### [Activity]
The whole listing should be retyped word for word, apart from the pictures it holds.

### [Collected data]
--

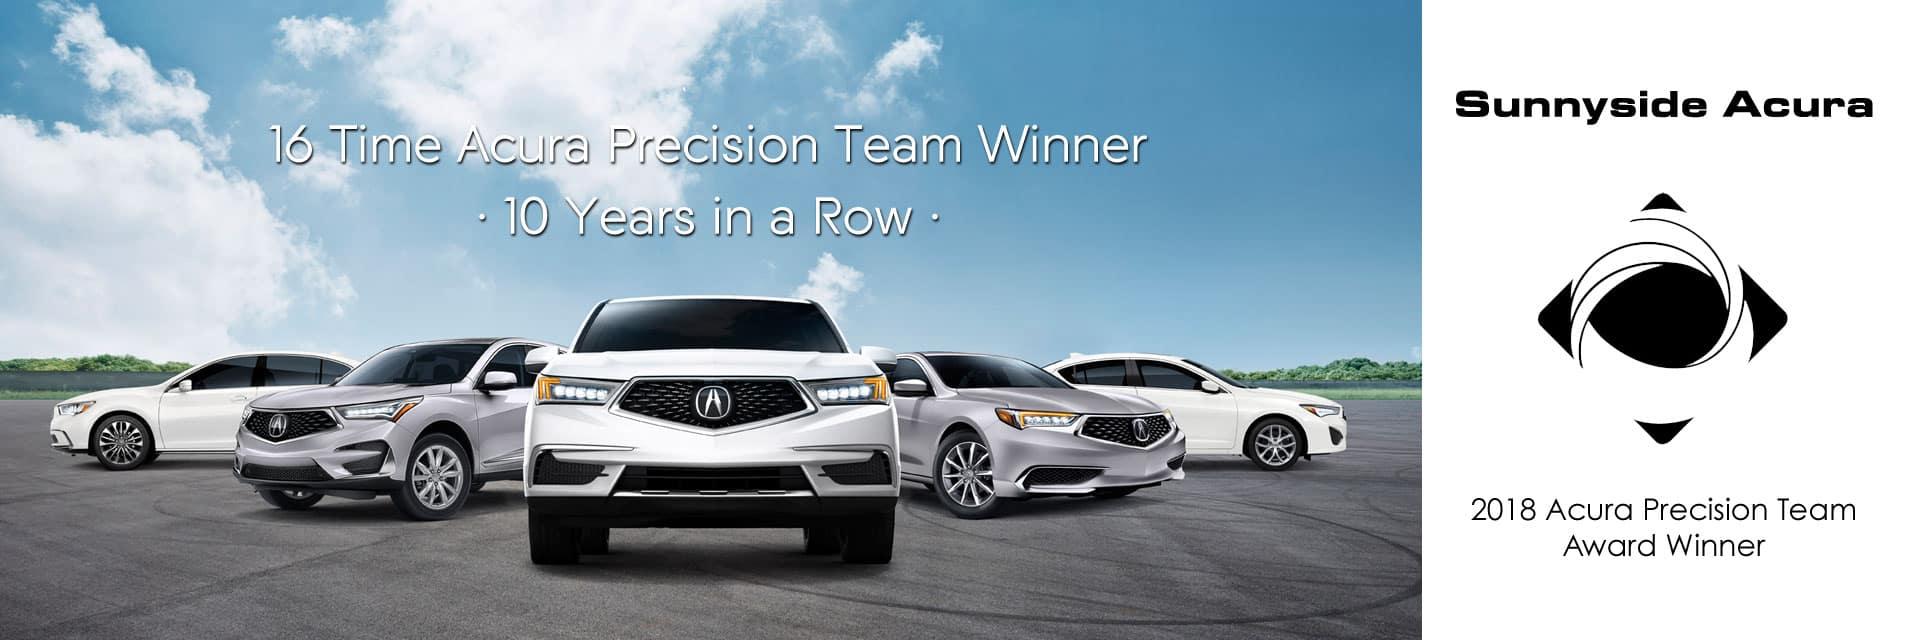 2018 Acura Precision Team Sunnyside Acura
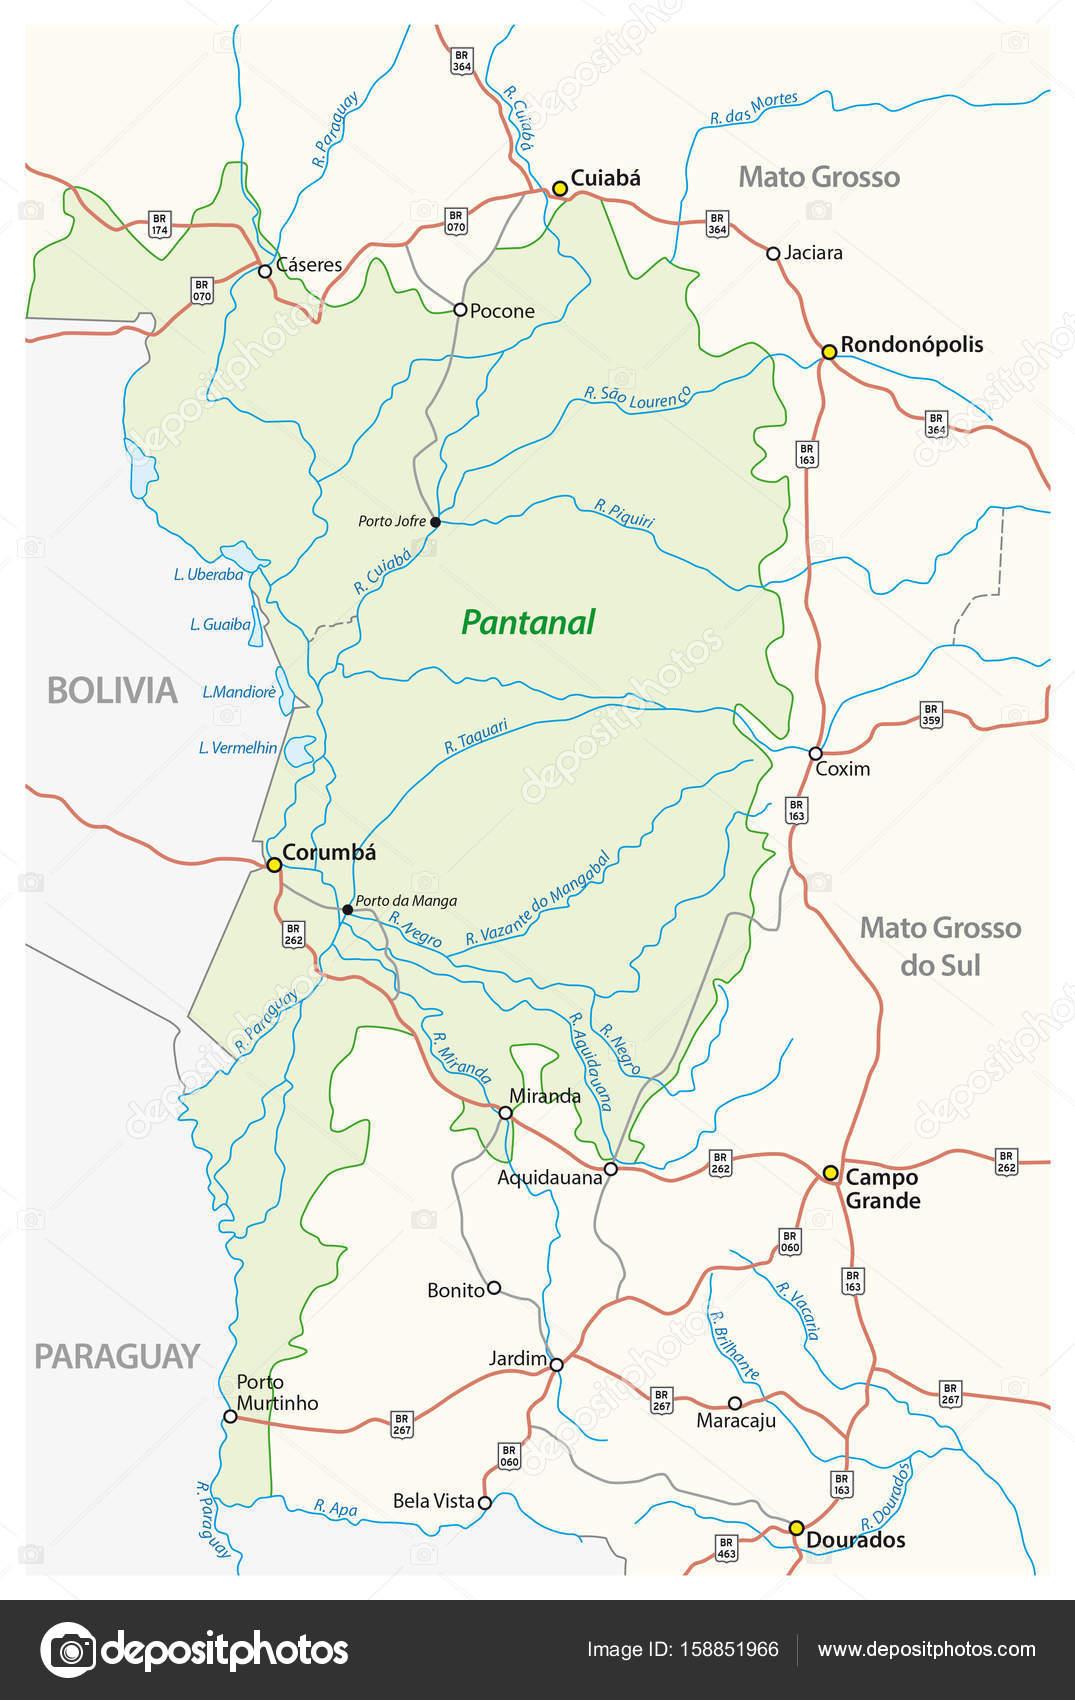 Brasilien Karte Welt.Karte Pantanal Das Größte Tropische Feuchtgebiet Der Welt
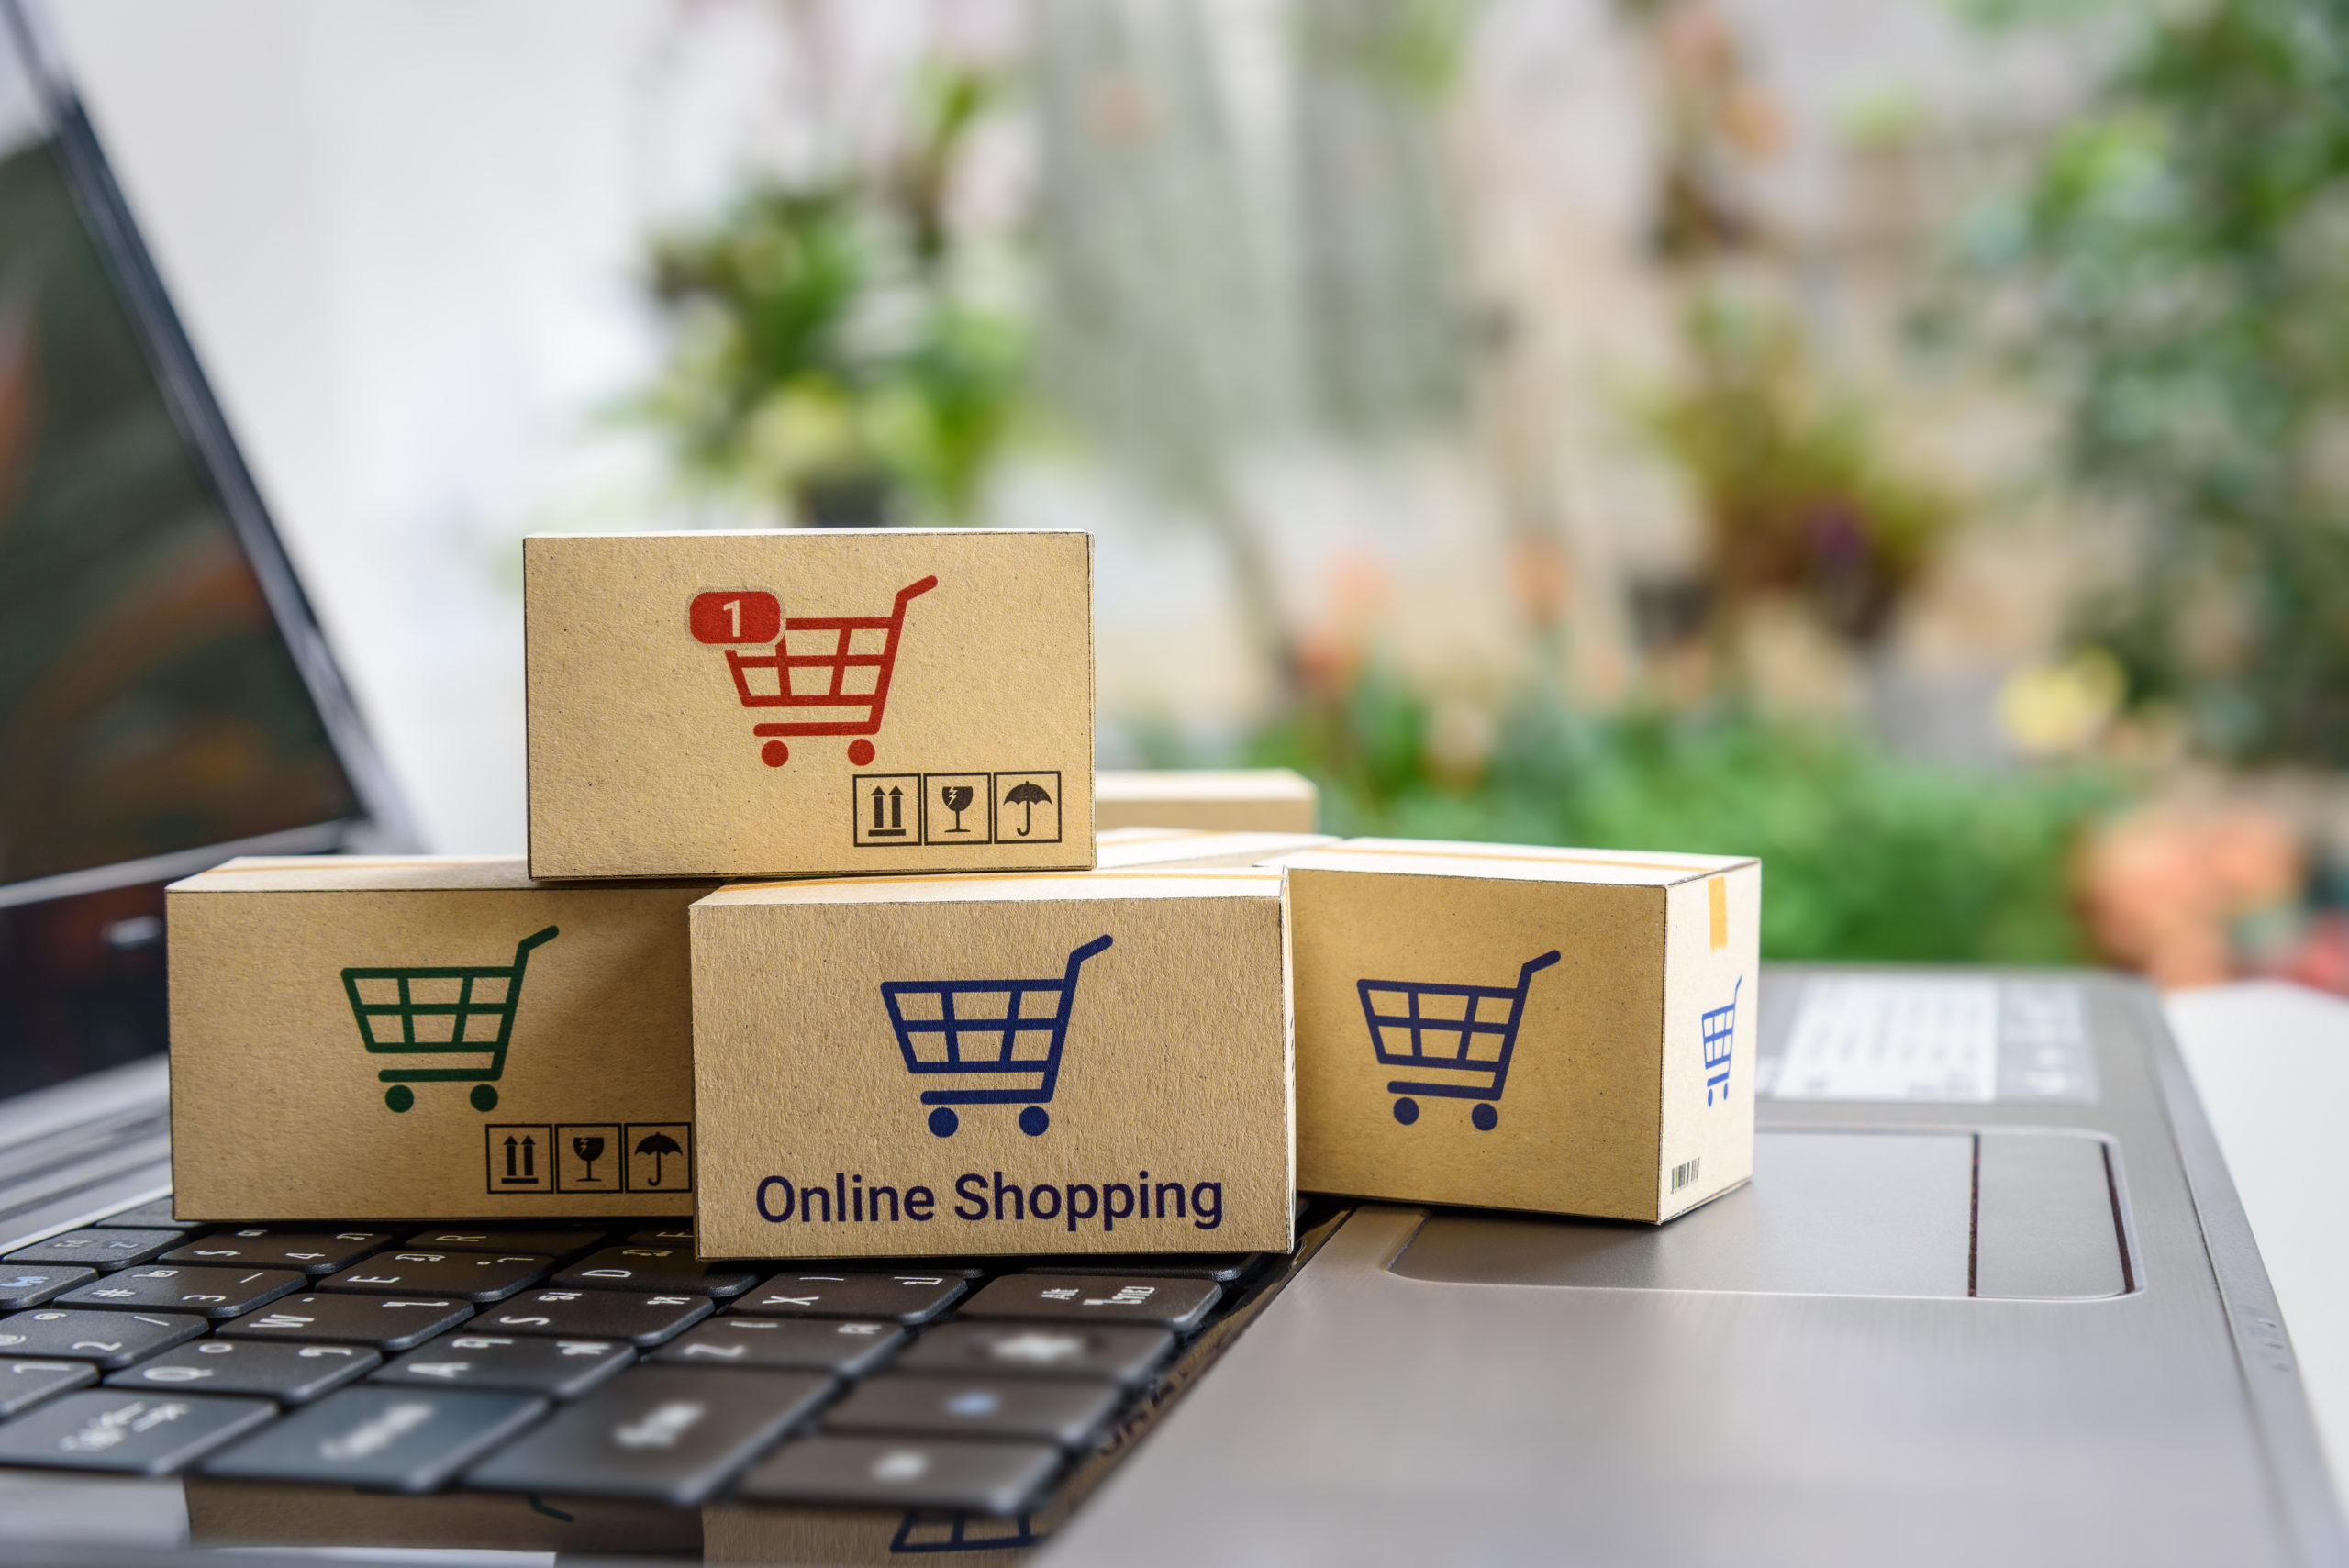 Online,Shopping

--

### [Answer space]
 2018 Acura Precision Team Sunnyside Acura
 Brasilien Karte Welt.Karte Pantanal Das Größte Tropische Feuchtgebiet Der Welt
 Online,Shopping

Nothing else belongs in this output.